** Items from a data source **
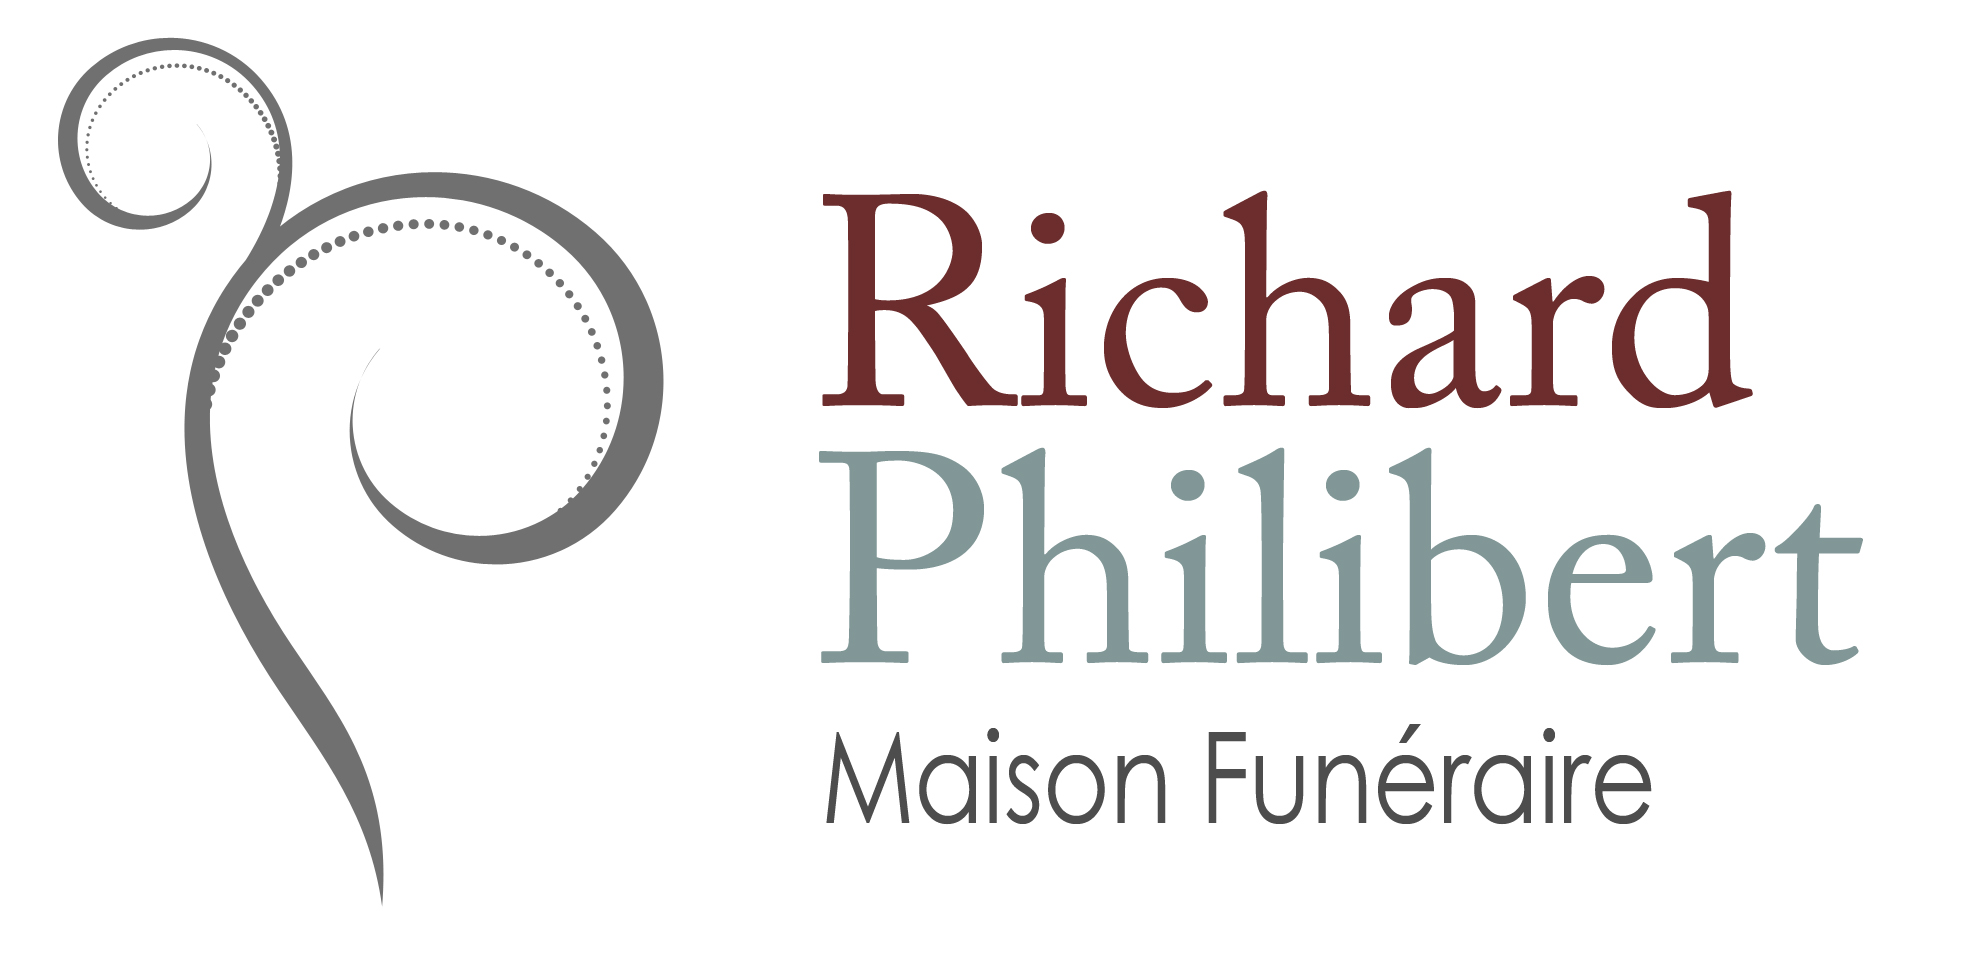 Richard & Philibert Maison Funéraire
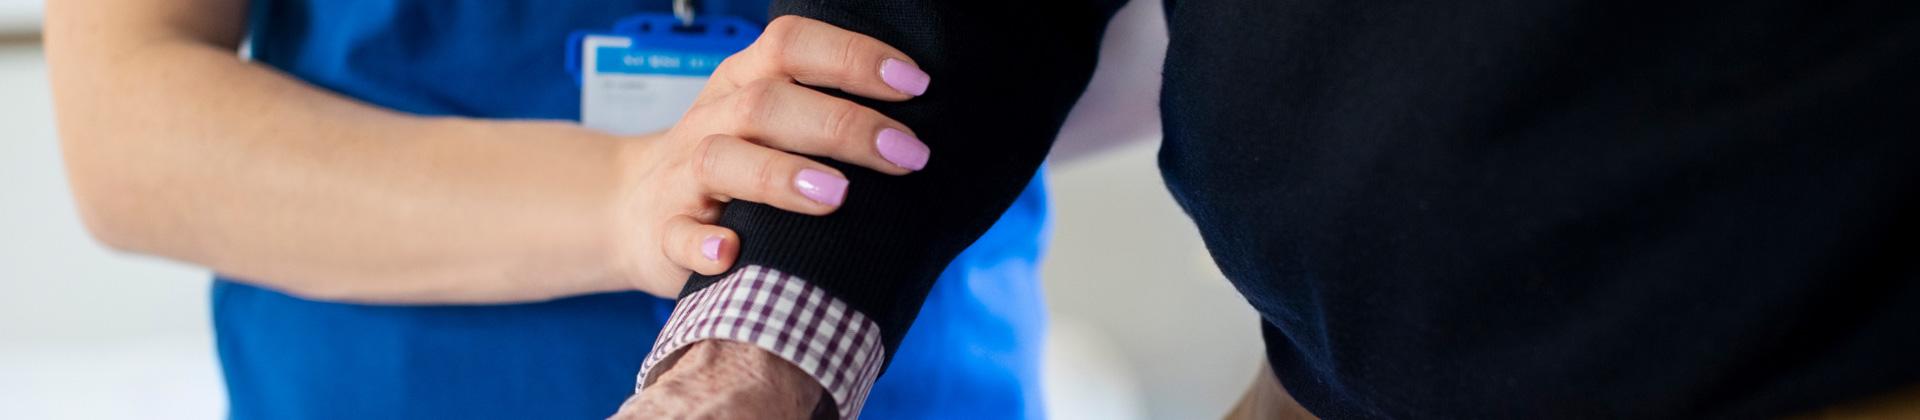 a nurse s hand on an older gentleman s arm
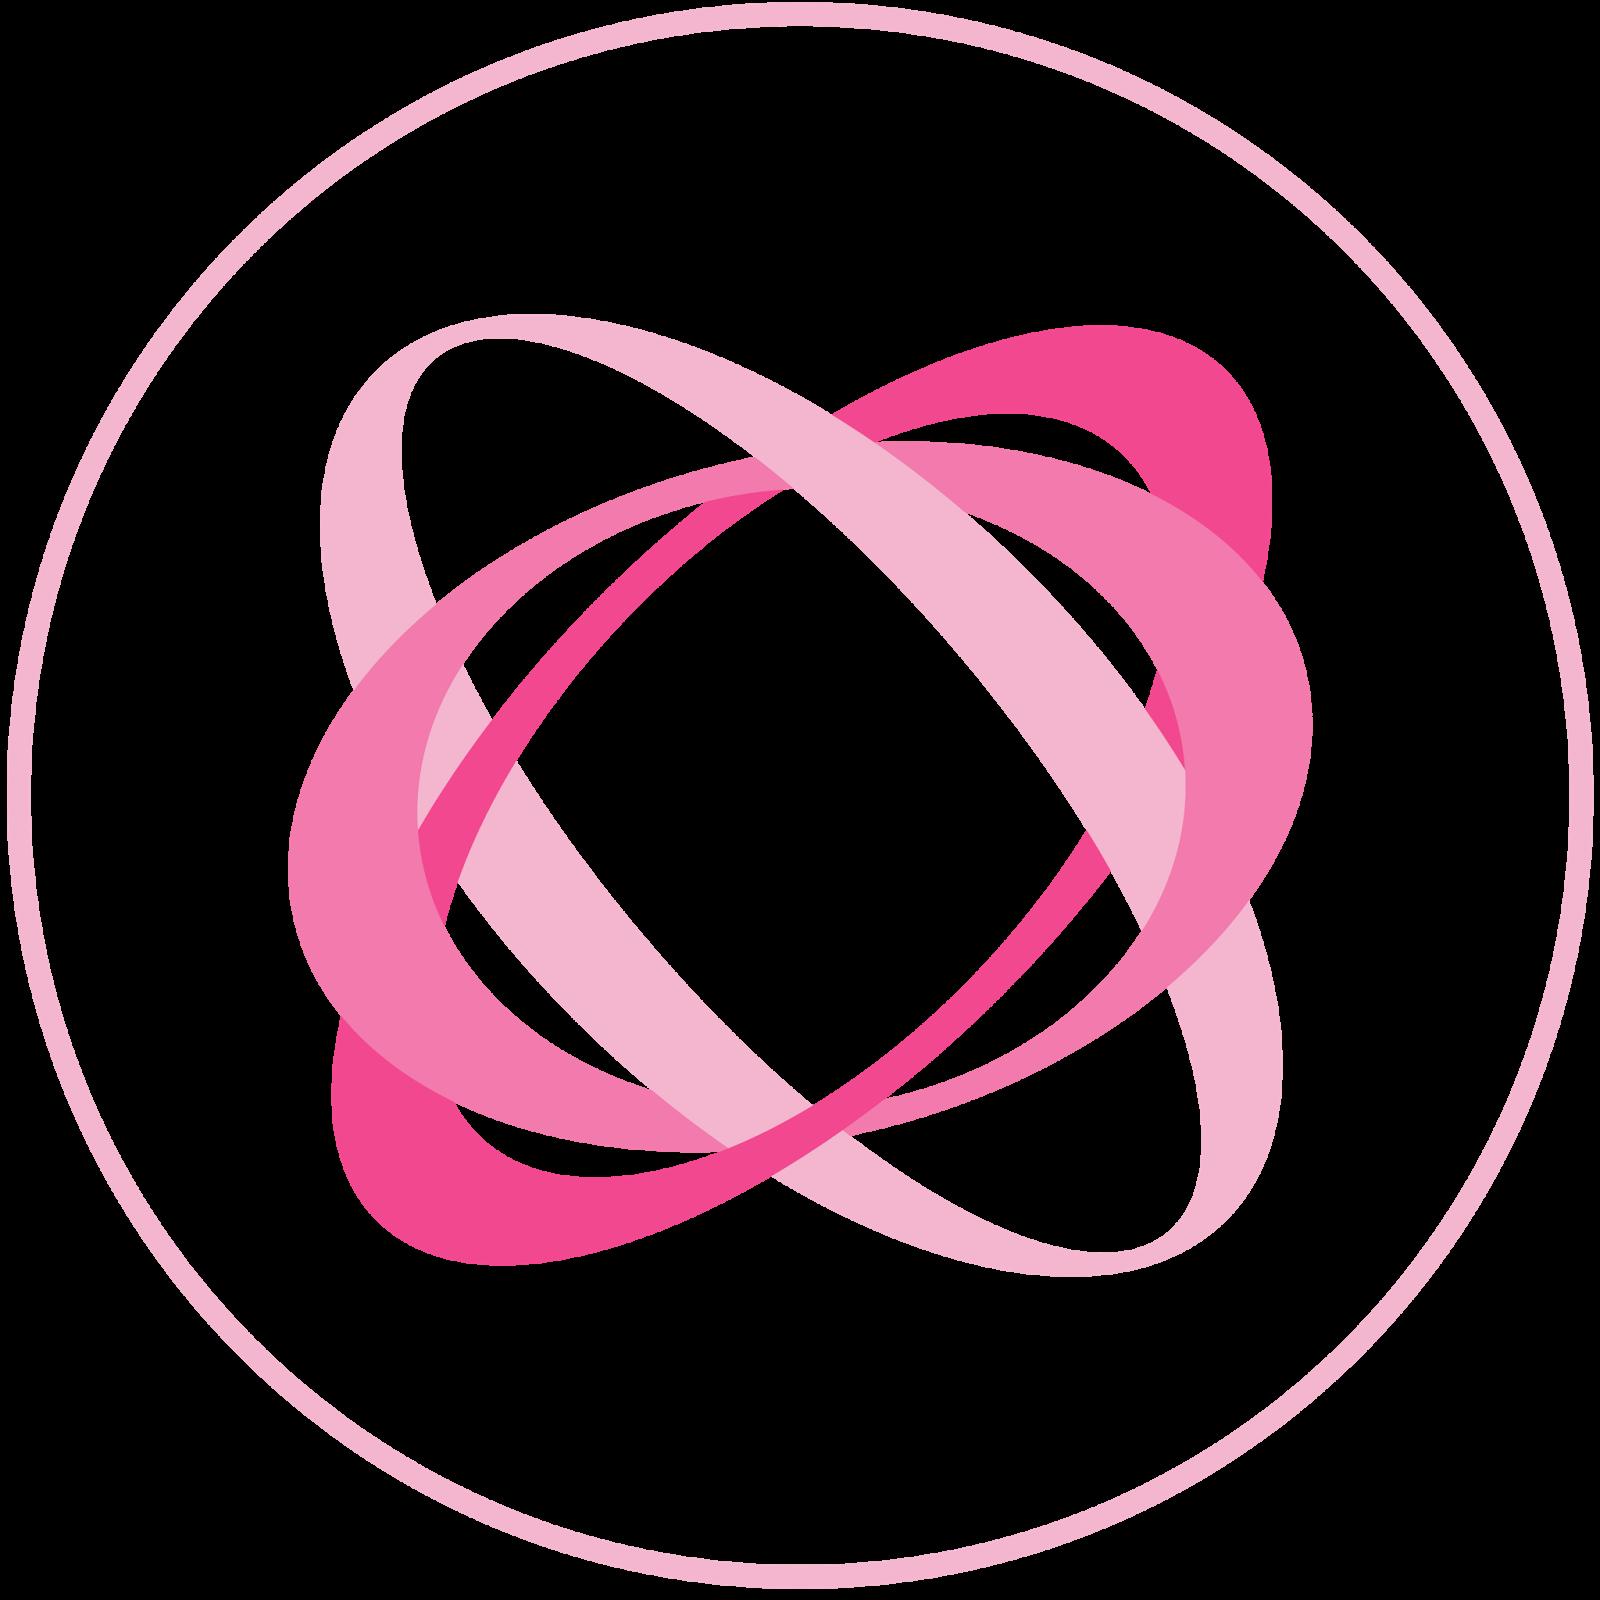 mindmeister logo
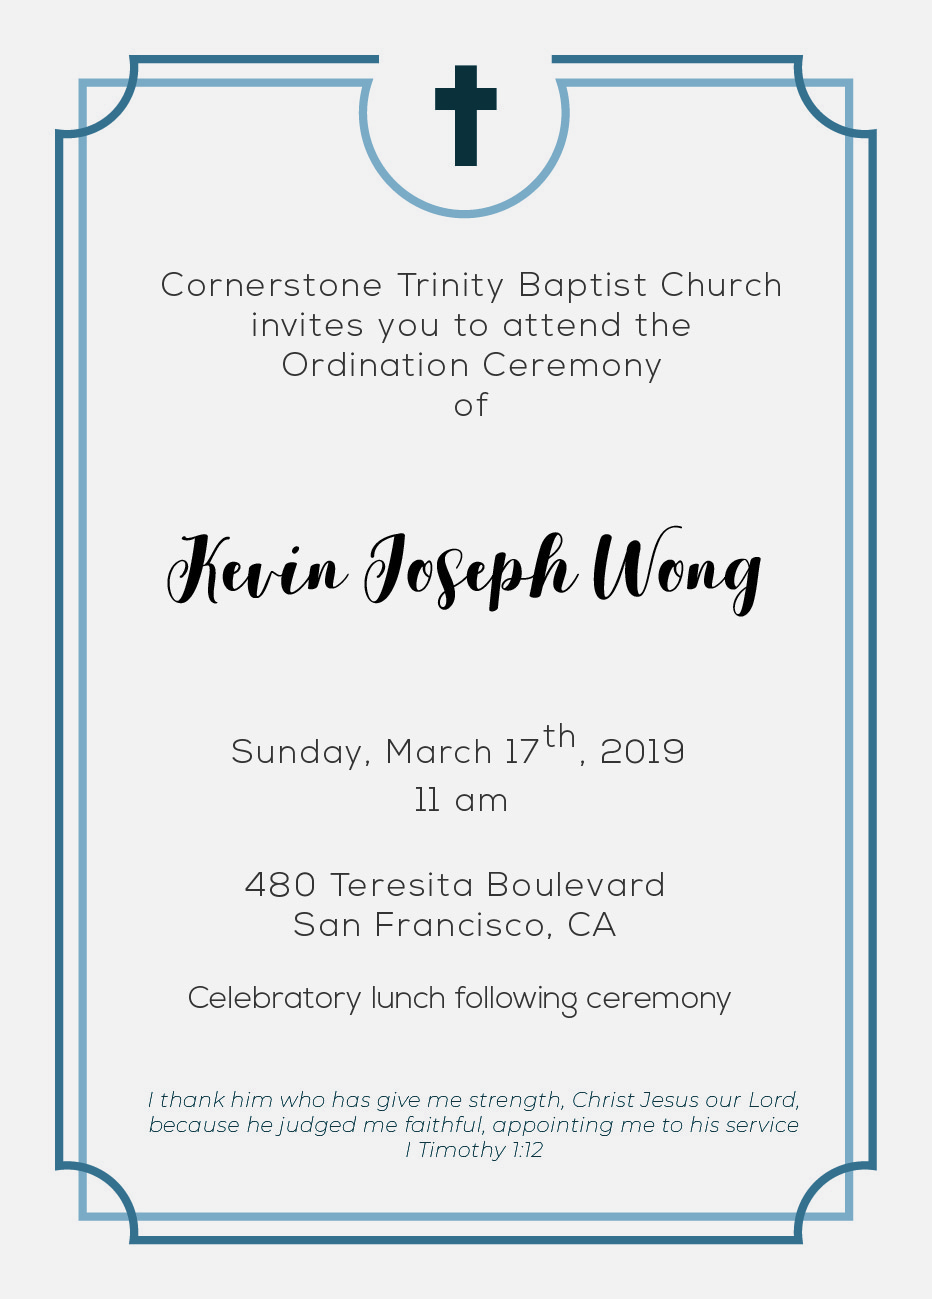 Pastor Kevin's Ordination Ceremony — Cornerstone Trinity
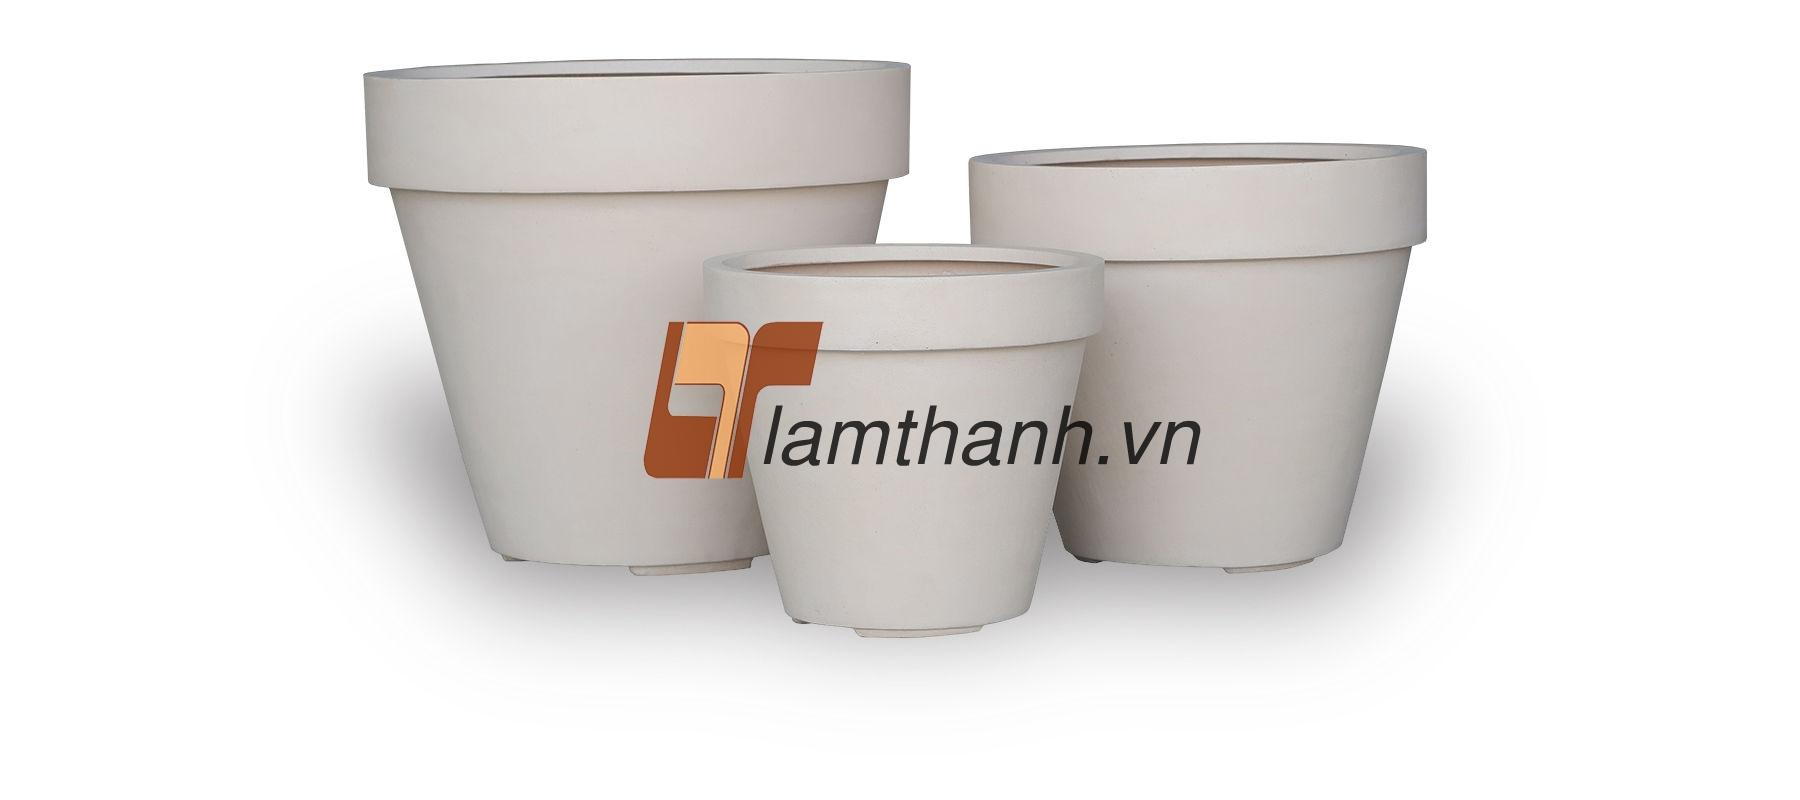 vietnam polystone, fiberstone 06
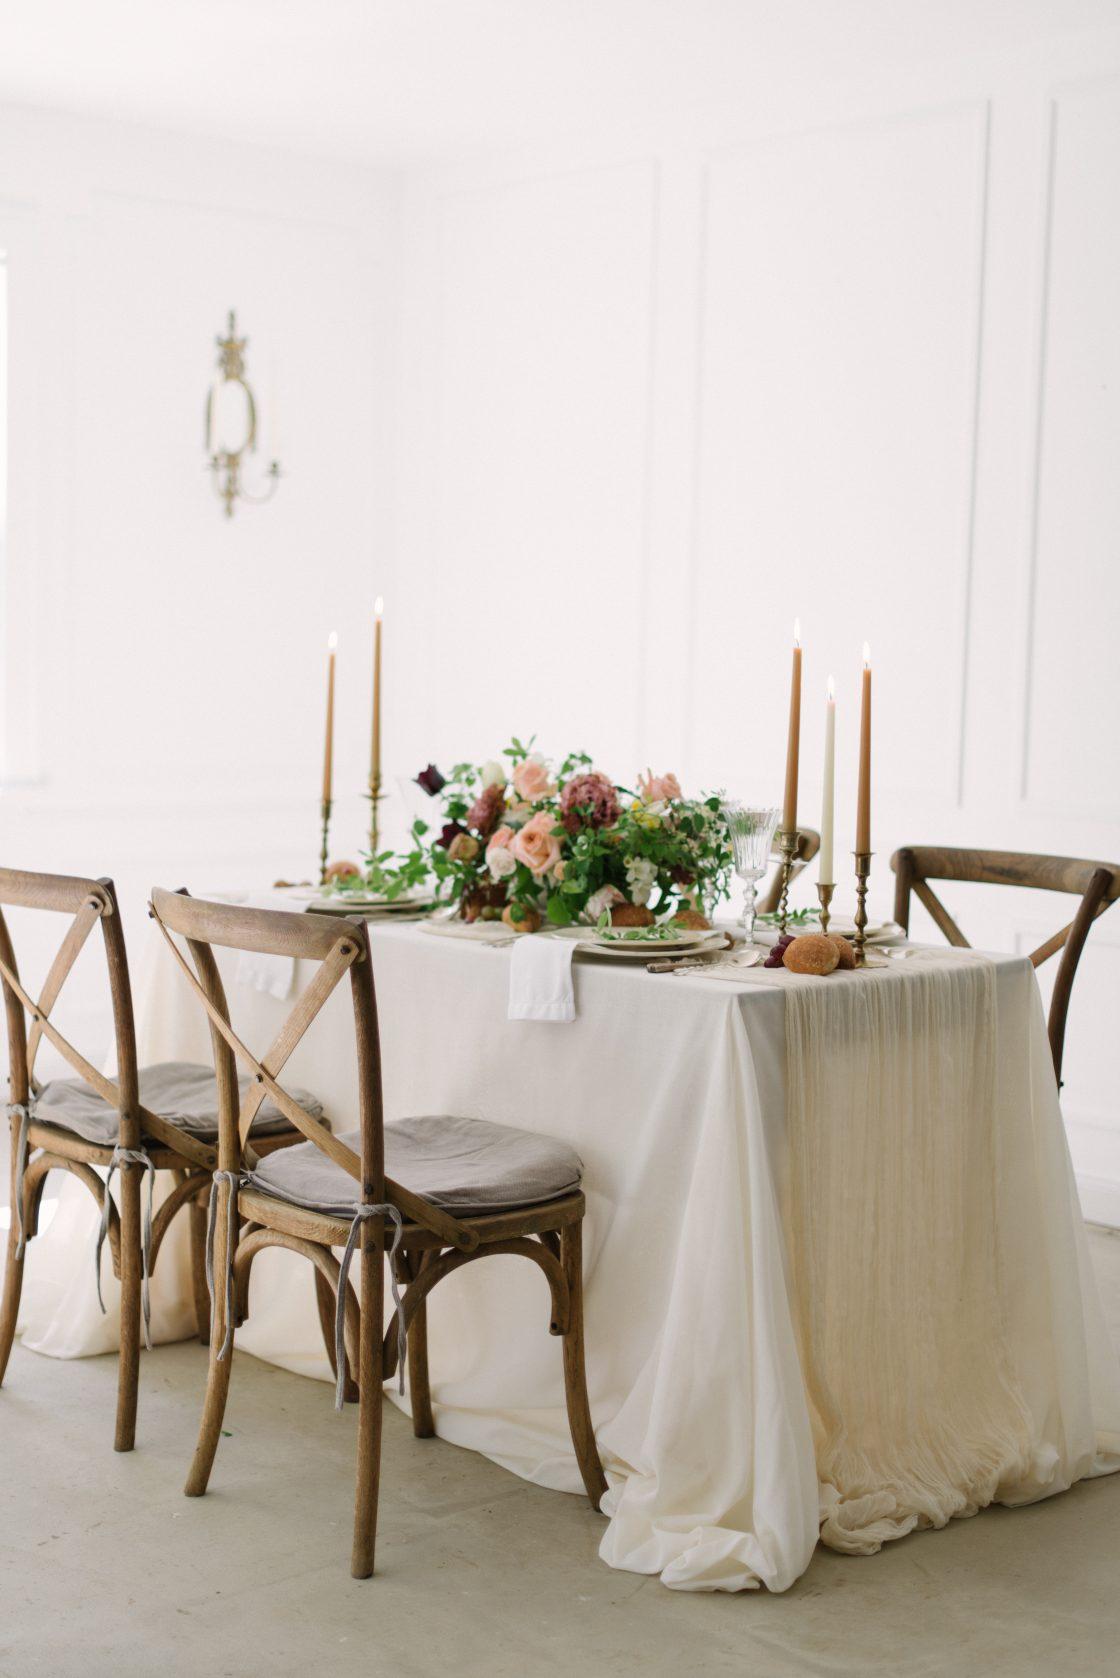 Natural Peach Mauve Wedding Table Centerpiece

** EXERCISE PROMPT **
Repeat the data exactly in full, omitting its pictures.

** OUTPUT BELOW **
 Richard & Philibert Maison Funéraire
 a nurse s hand on an older gentleman s arm
 mindmeister logo
 Pastor Kevin's Ordination Ceremony — Cornerstone Trinity
 vietnam polystone, fiberstone 06
 Natural Peach Mauve Wedding Table Centerpiece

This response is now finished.